I would suggest that there are three road-signs on the way to correcting the budget during the recovery period:
1) the real value of expenditures should stay the same, albeit adjusted for inflation;
2) the tax rate should be kept constant or lowered moderately;
3) obstacles (excessive regulations, etc.) to a growing GDP should be removed.

When these guiding principles prevail, a balanced budget results.

Current Hungarian government policies, including economic policy, will probably try to deny the possibility of achieving this. And yet there are many examples of such achievements: in Finland, Ireland, China, and other countries.

Similarly, the thesis that it is possible to grow out of a budget deficit has also been proven and an abundant bibliography exists demonstrating both the theory and experience of the model. In the world of theory and experience, even the reluctant must realize that the convergence package recommended for Hungary today is mistaken. Instead of stimulating progress, it will aggravate stagnation, resulting in needless suffering. Increasing tax rates may lead to a temporary increase in tax revenues, but the increase will be short-lived. In the long-run, higher taxes will lead to a smaller economy - and thus less tax revenue. There is no question that it is growth and not the government's austerity package that will foster recovery and stability.
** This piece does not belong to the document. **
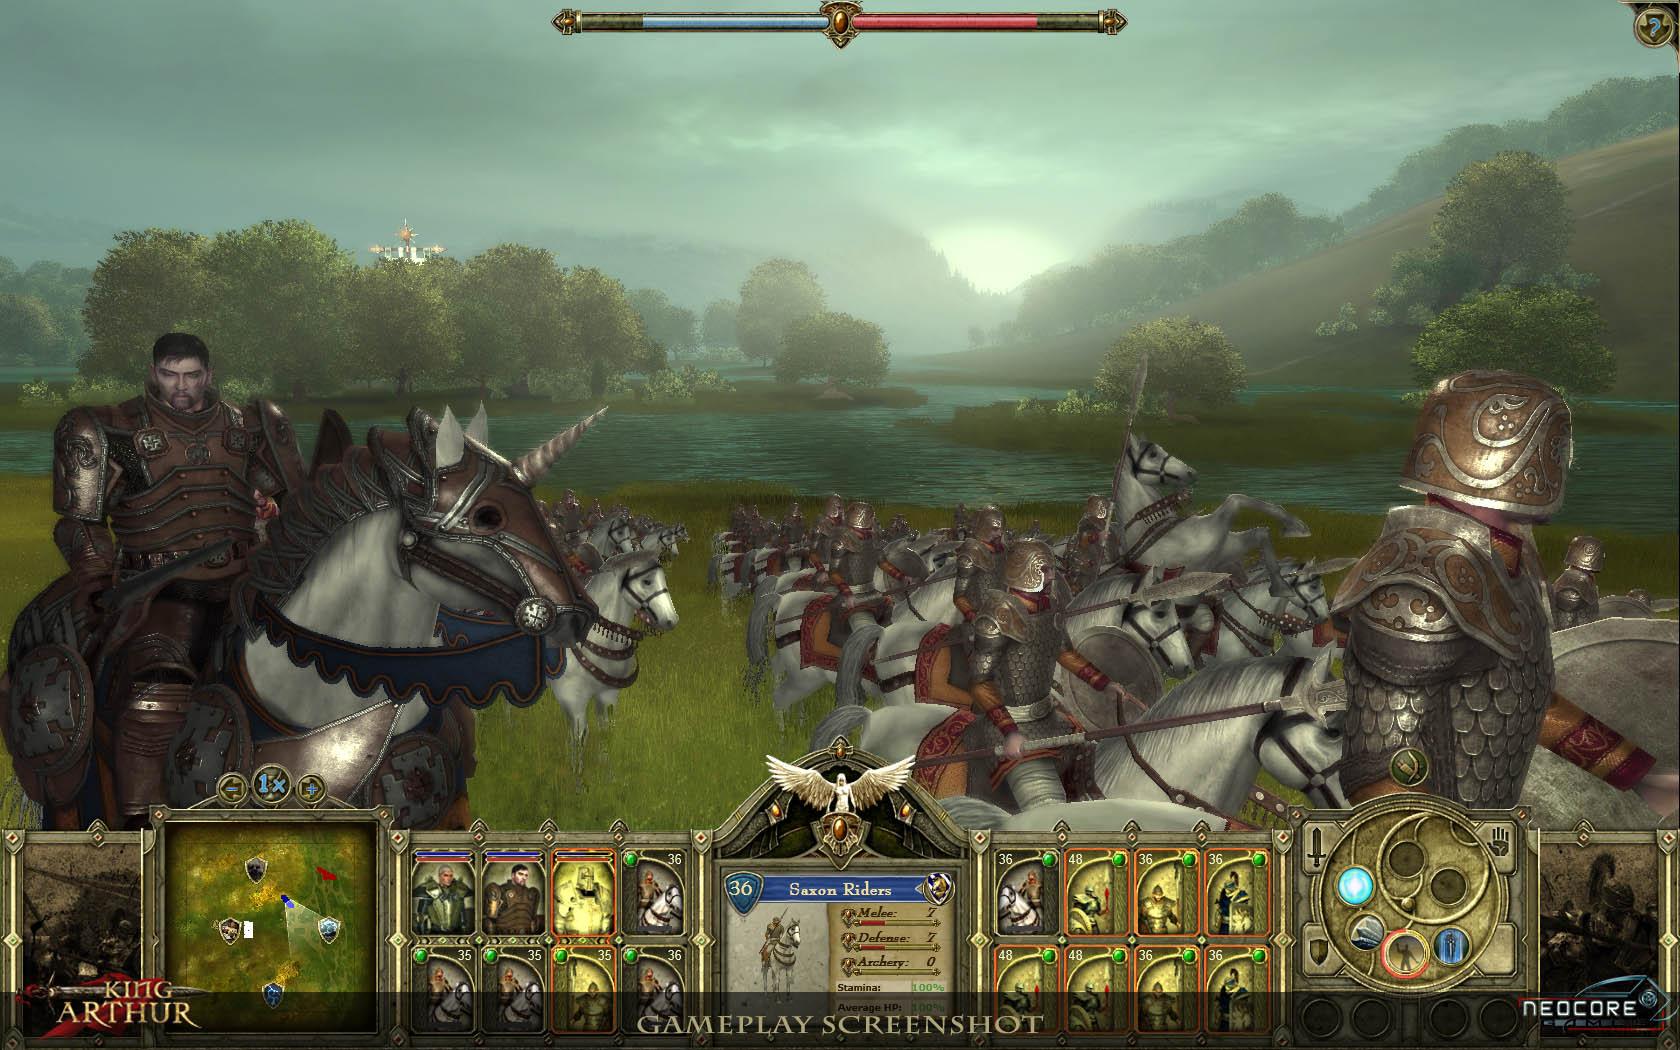 King Arthur: Knights and Vassals DLC screenshot

As a postscript, I believe that in the name of conflict resolution Prime Minister Ferenc Gyurcsány should pass over his office to someone less controversial. Such a move would benefit the economic wellbeing of the country, and bolster moral and social confidence. It would halt further downgrades in international rankings, and reestablish Hungary as a stable place for assessing business prospects. Then, instead of a declining reputation, Hungary could begin to regain its place in the world, and self-respect at home.

The author is a Member of Parliament for the opposition Fidesz. He is an emeritus professor of economics, and holds an honorary doctorate from Corvinus University of Budapest, and a PhD from Columbia University, New York. This opinion piece was submitted shortly before Christmas.